Did anyone watch Dispatches on Channel 4 last night? Those people were soooo unbelievable. They got right up my tits (to put it politely)!

1.5.04

I forgot to say "welcome to the EU everybody especailly Hungary!"

I was counting down the hours last night, my flat mates thought I was being more crazy than usual!

FYI: the 26 April post is one long rant on several subjects which I wrote while still in halls of residence and undergoing great stress from terrible housemates!

FYI: I would have a fish farm if I was offered the chance again but as the person who first offered it to me never replys to my emails or text messages, it is even less than a pipe dream.

FYI: I don't think I am deep.
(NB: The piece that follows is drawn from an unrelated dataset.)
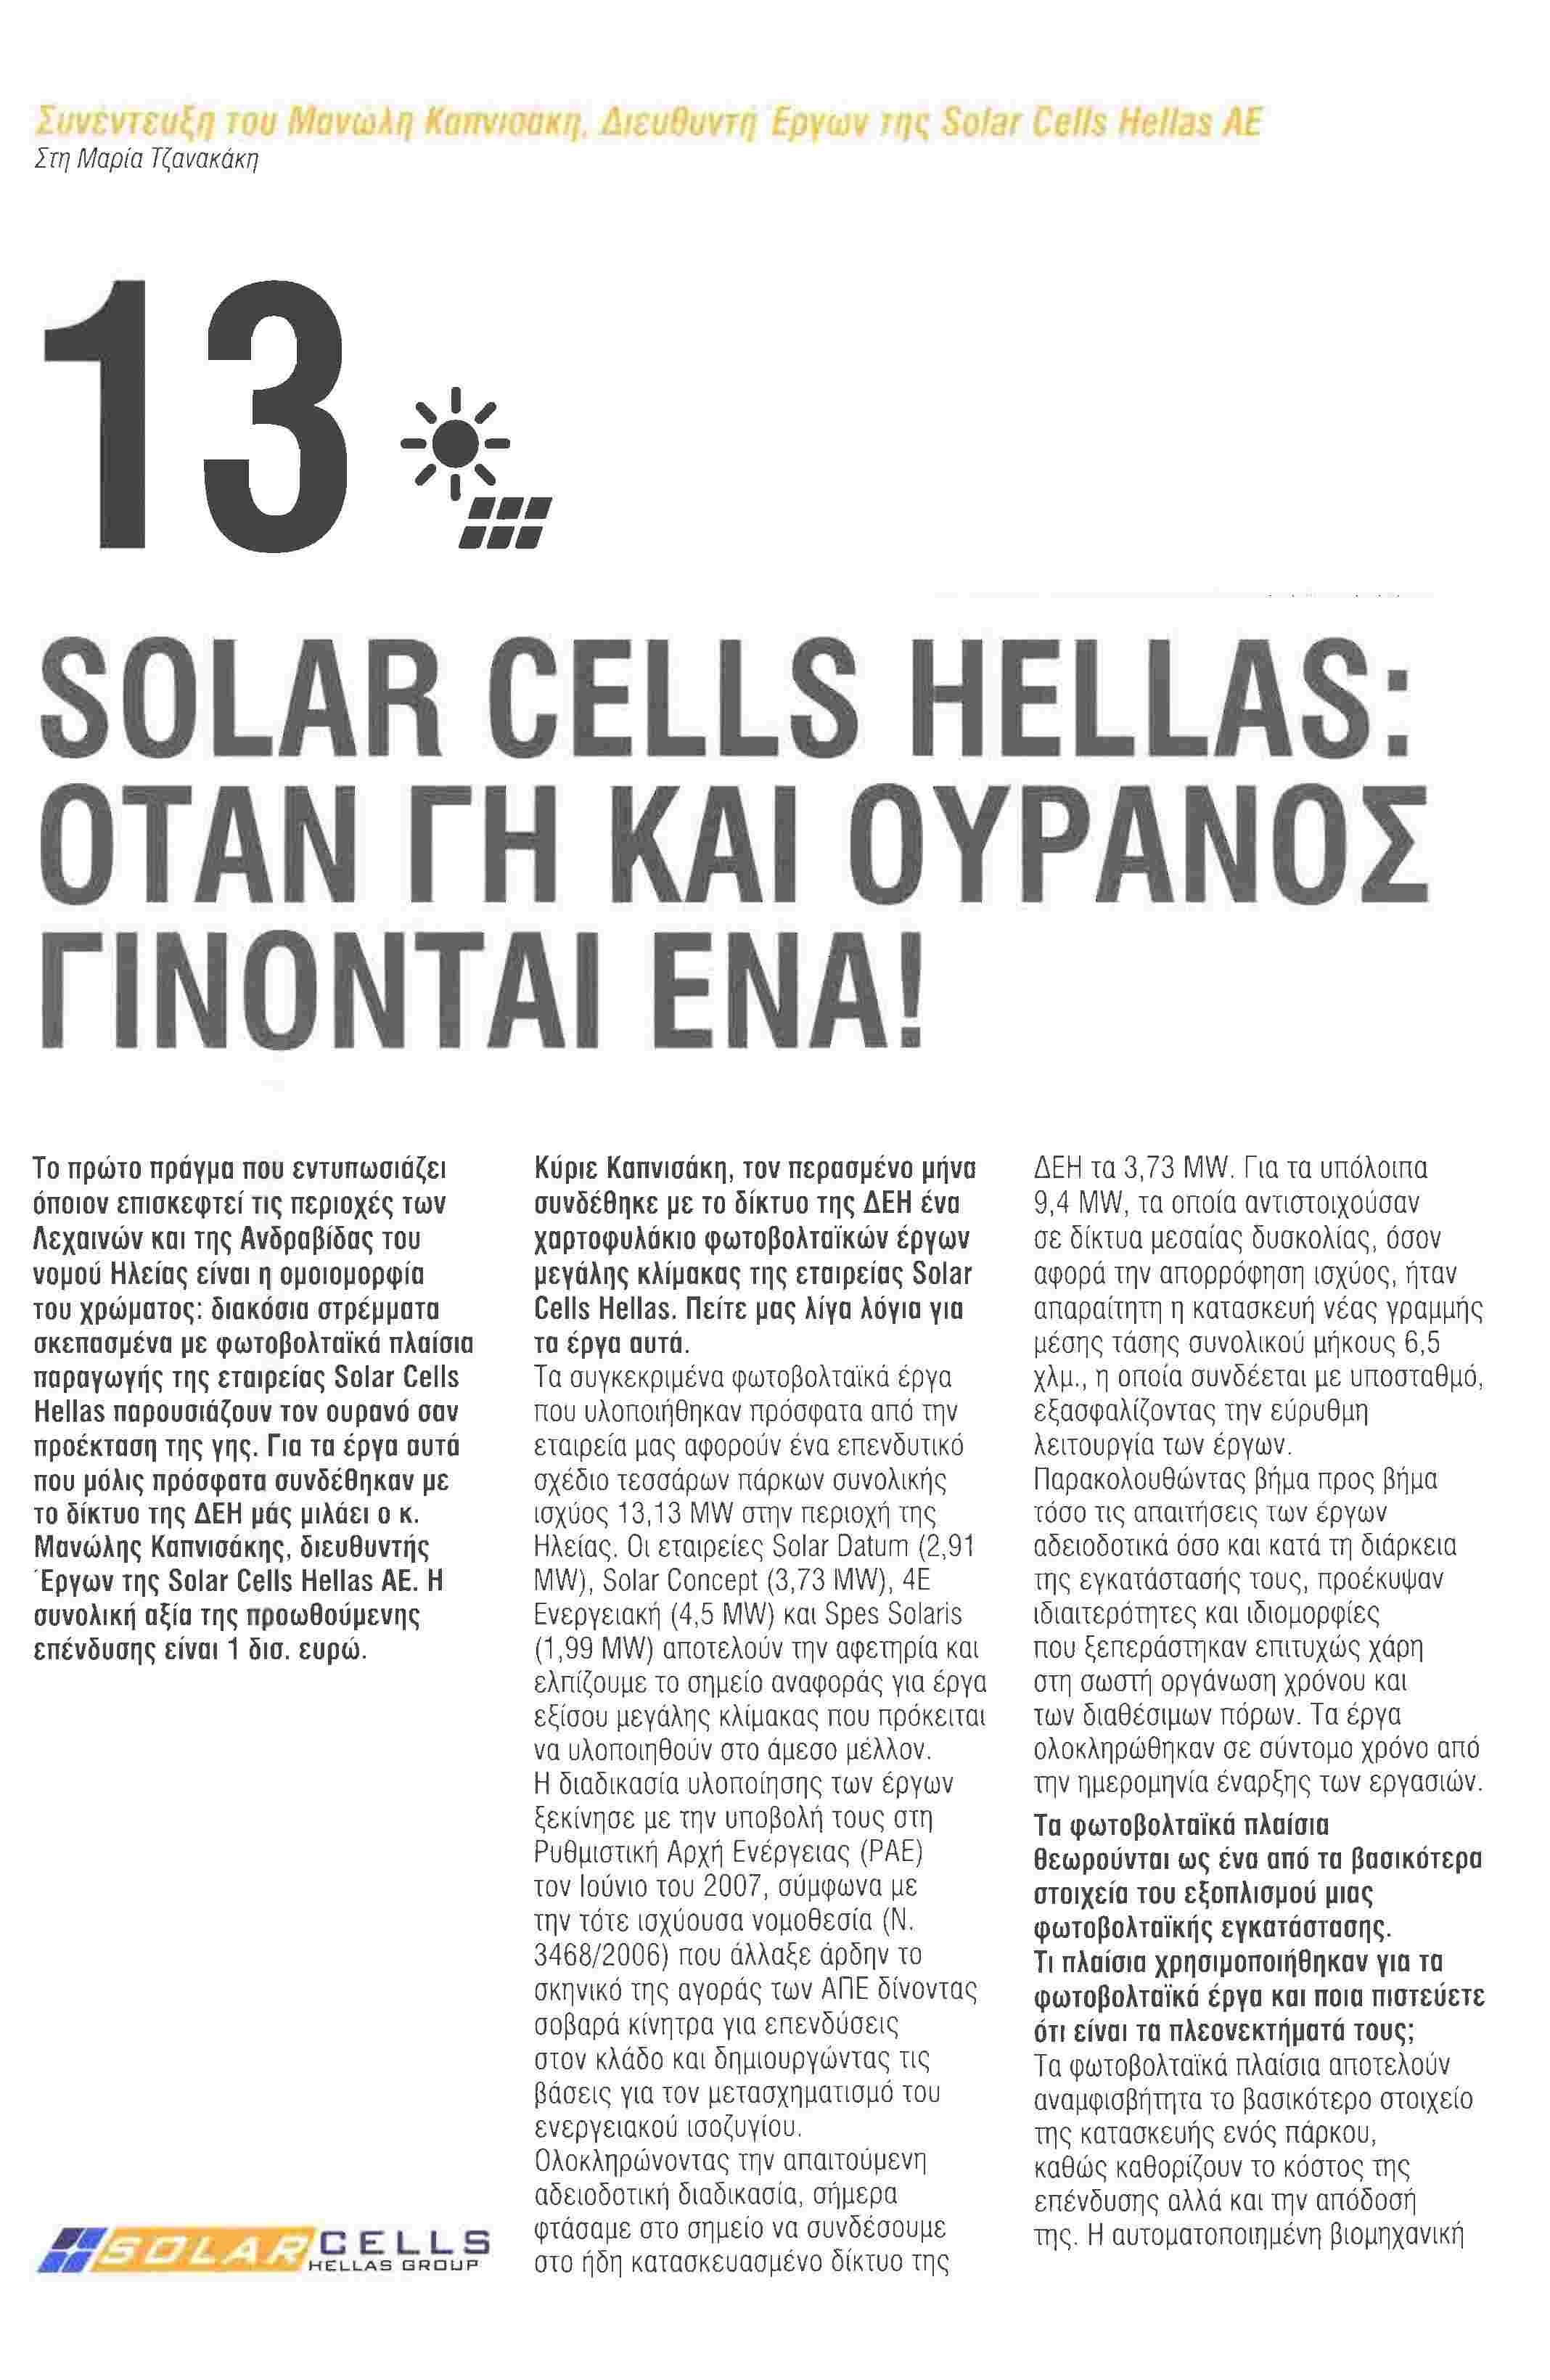 㧟 㧟 㧟 㧟 㧟 㧟 㧟 㧟 㧟 㧟 㧟 㧟 㧟 㧟 㧟 㧟 㧟 㧟 㧟 㧟 㧟 㧟 㧟 㧟 㧟 㧟 㧟 㧟 Συνέντευξη του Μανωλη Καπνισακη, ιευθυντή Εργων π/ς Solar Cells Hellas AE Στη Μαρία Τζανακάκη SOLAR CELLS HELLAS: ΟΤΑΝ ΓΗ ΚΑΙ ΟΥΡΑΝΟΣ ΓΙΝΟΝΤΑΙ

I just have lots to say :-)

FYI: The secret below isn't going to be a secret for much longer with all the talk of "sharking" I am hearing (it is supposed to read: I have a secret and I have promised not to say anything :-0).

FYI: I have tried not to get onto religion in this blog because I don't want to upset people (although I am capable of being told "I am not following the right path" I am not sure how people would take it if I questioned their believes)

BTW: Harry Potter, is just like the chronicals of Narnia (which is on sale in Virgin on DVD for £20)

Wendy, I needed you last weekend, I was watching cricket and I forgot to put my suntan lotion on and I got sunburnt :-(

I have one exam this week, Geoscience and it was alright, one question about coastal erosion, one about flooding in cities and one about stable isotopes! Went to the union afterwards to get drunk and saw Lauraine Kelly who had just been inducted as our rector. Managed to kiss lots of boys (in a European Stylie)... But didn't get the snog I was after (he was both very stoned and pissed).

Eric, not long and you'll be out of Stirling. I will phone you later (as you never phoned me back!).

I managed to lose £40 this week, I will explain more fully after the 4th of June.